The electric touring car market now seems to feature more manufacturers than ever. With the rules behind the class having stayed fairly static for the past five years or so, the designs of the cars have converged around an ‘optimal’ platform. Just as in full-sized motorsport, this creates a very even playing field and thus the smallest differences or unique features define each manufacturer.

I first saw the HPI HB Pro 5 in the run-up to the 2014 IFMAR World Championships. I got to look at the car first hand at that event, and subsequently in the hands of Andy Moore at a couple of other events in the UK. It’s clear that the car follows the current philosophy of Touring Car design, but still manages to include a number of unique features – features I was very attracted to right form the initial pictures. And, with thanks to HPI Europe, I got my hands on one of the kits to build up.

The glossy manual features clear CAD drawings of each stage of the build, with to-size drawings of the fasteners required at each point. The kit comes bagged up by build stage – with all the parts needed for each part in a numbered bag (although the plastic trees and carbon parts are bagged separately).

I’m not going to try to compare the Pro 5 to the previous HPI/HB offering, the TCXX – the Pro 5 is a complete new platform, with practically every part re-designed. The most obvious difference, visually, is the departure of the purple aluminium, replaced by a stealth black look, off-set by HPI-corporate coloured orange shims – a look I personally really like.

The first stage of the build is to attach the bulkheads to the chassis plate. HPI recommend super glueing the edges of the carbon chassis, but this is a stage I’ve not done on my cars for a few years – if I’ve had an accident big enough to delaminate the chassis, it usually means it’s tweaked and due for a replacement anyway! The bulkheads are all identical – reducing the number of spares you need to carry and the number of parts shops need to hold.

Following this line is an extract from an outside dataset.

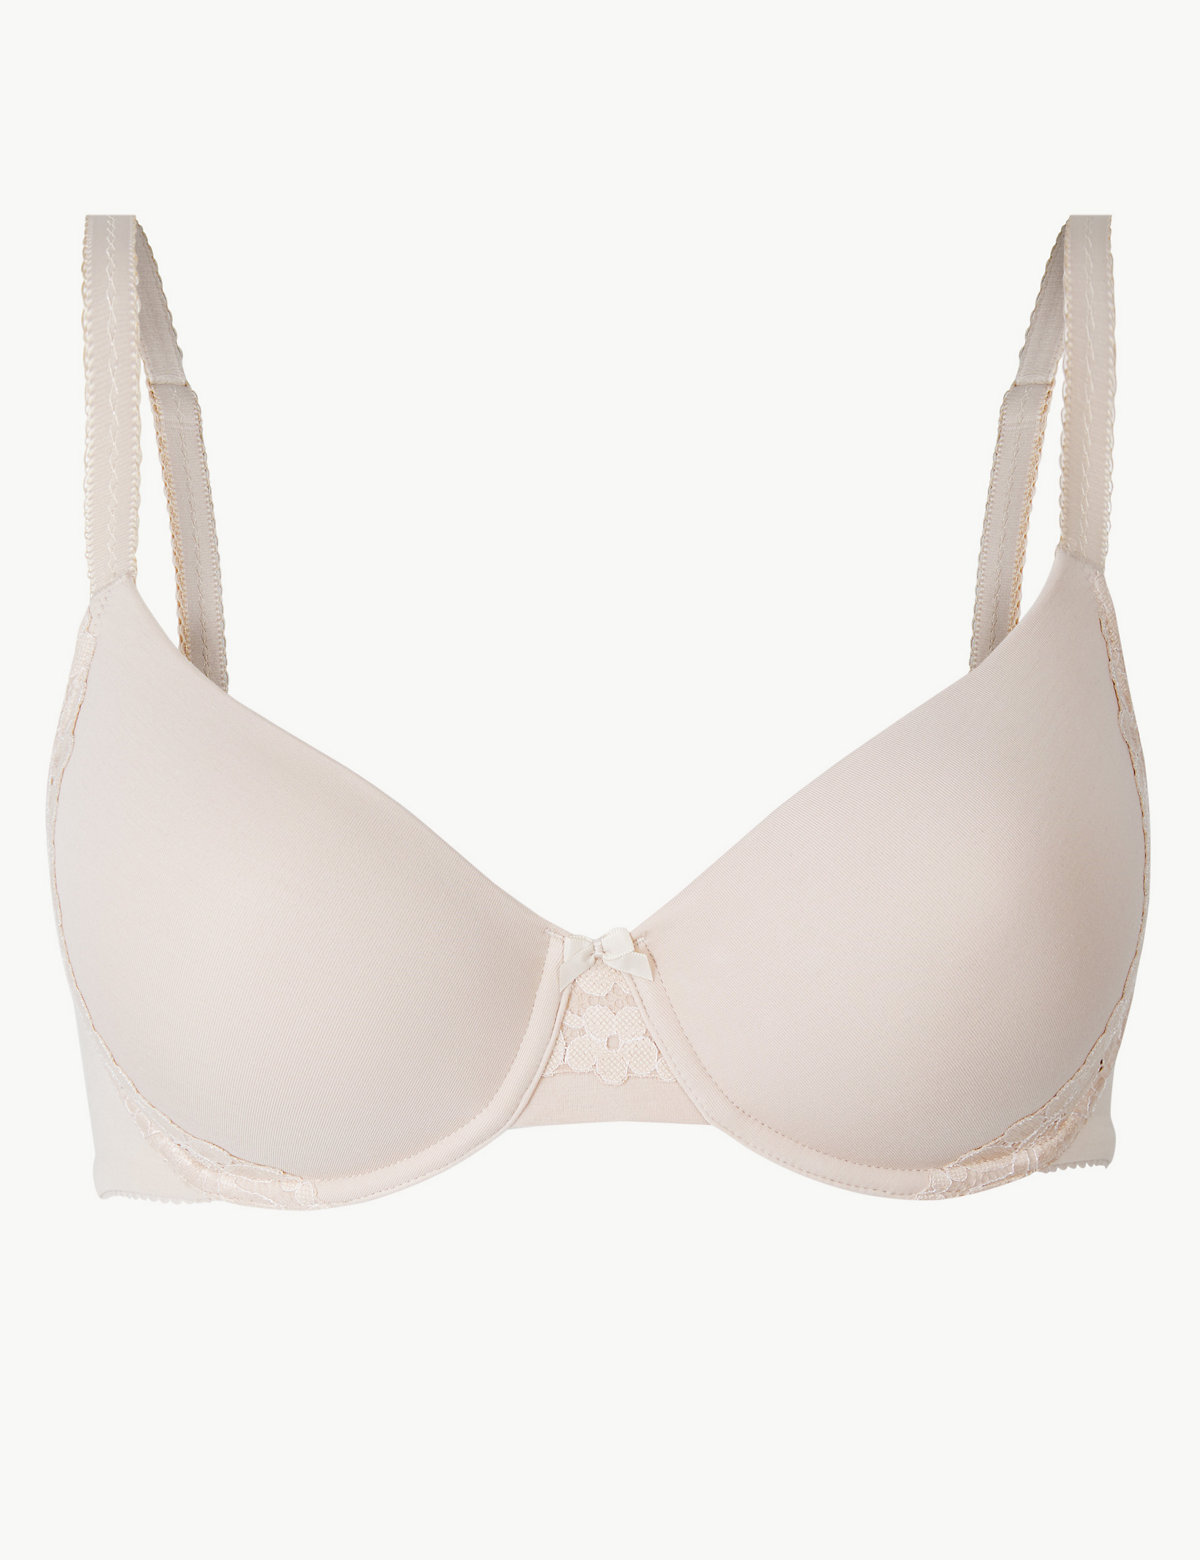 Cool Comfort™ Cotton Rich Padded Full Cup Bra A-E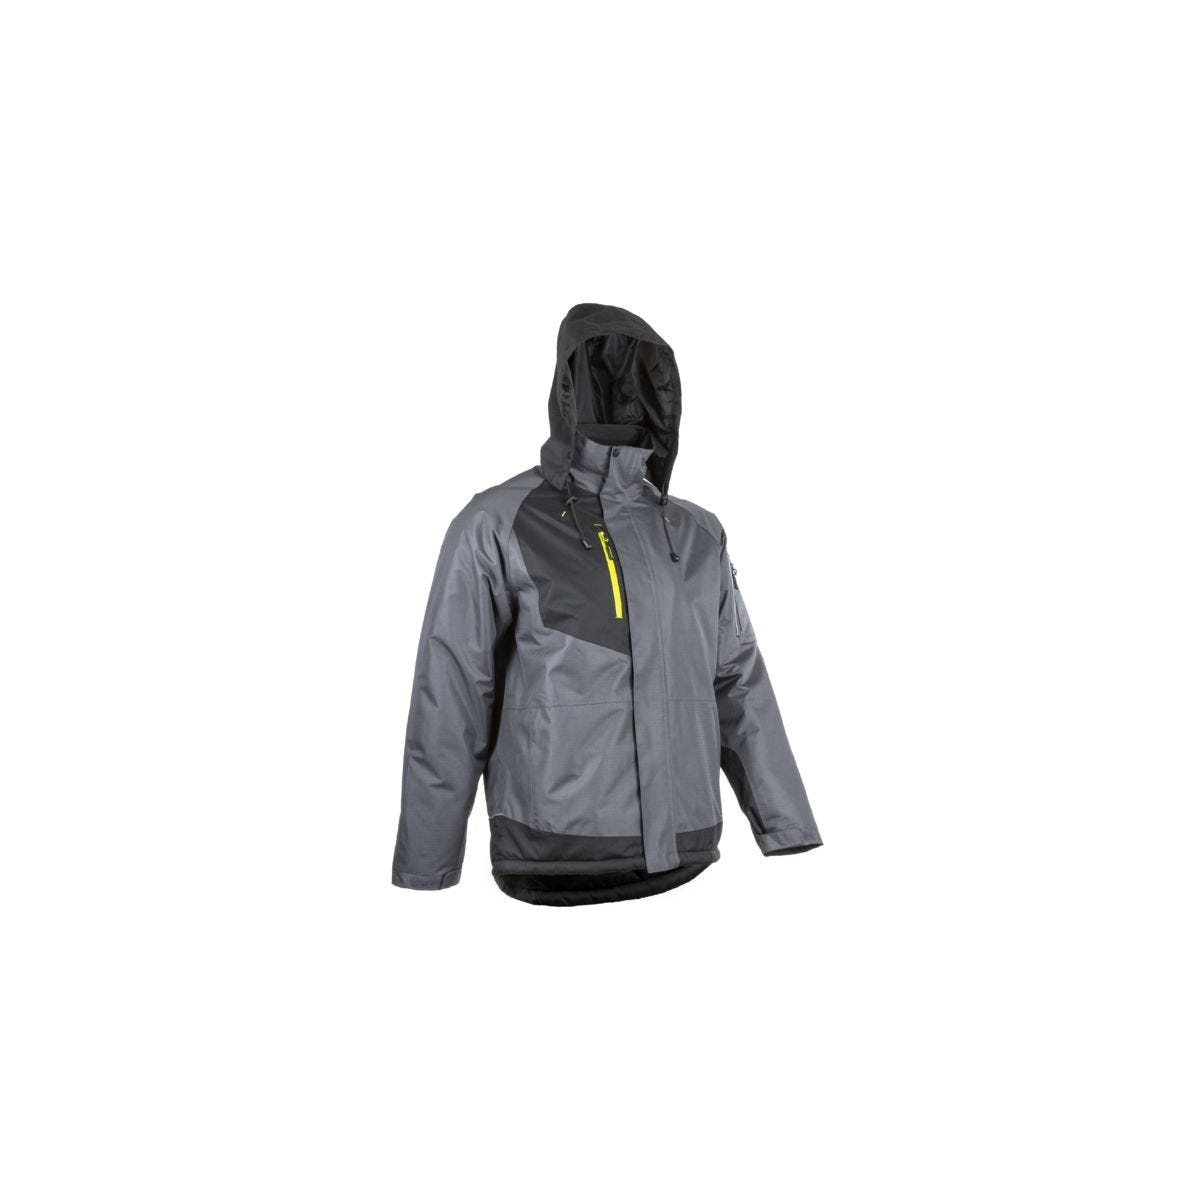 YUZU Parka anthracite/noir, Polyester Ripstop + Polaire 300g/m² - COVERGUARD - Taille XL 2

Checking all the parts out on my glass board, the chassis and bulkheads were perfectly flat – a great start (not that I would expect anything else!)

Next up is the drivetrain. A genuine Panaracer spur gear is included (I changed the kit one for a 48DP version to suit my range of pinions!) and the spool features steel outdrives. The spur gear mount is a wonderful piece of machining – deliberately kept as small as possible to minimise mass but with strength in the right areas to hold the pulleys on a hex-shaped fitting.

The rear gear differential is a key part of modern day touring cars, and I was very impressed with the way the Pro 5 one built up. I used the included HPI 7000 weight oil, although some advice I got from Andy Moore suggested I may wish to swap to a lighter weight for outdoor racing on the UK’s typically lower traction surfaces.

Before beginning any part of the diff assembly, the first thing I did was to tap the screw threads – allowing me to make sure I got the screws in perfectly straight without the worry of cutting the thread when the diff was assembled and filled with oil. The only downside to the gear diff was that the four small planetary gears have to be cut from a parts tree, and thus need a little work with sandpaper or a file to ensure all the flashing is properly removed. I was, however, pleasantly surprised that the front spool pulley didn’t require any side fences glueing on, as many other manufactures require.

So, that’s the basic drive train components assembled.


Last time, Oli got as far as building the basic drivetrain components. Now, it’s time to attach them to the chassis and get on with the next stage of the build!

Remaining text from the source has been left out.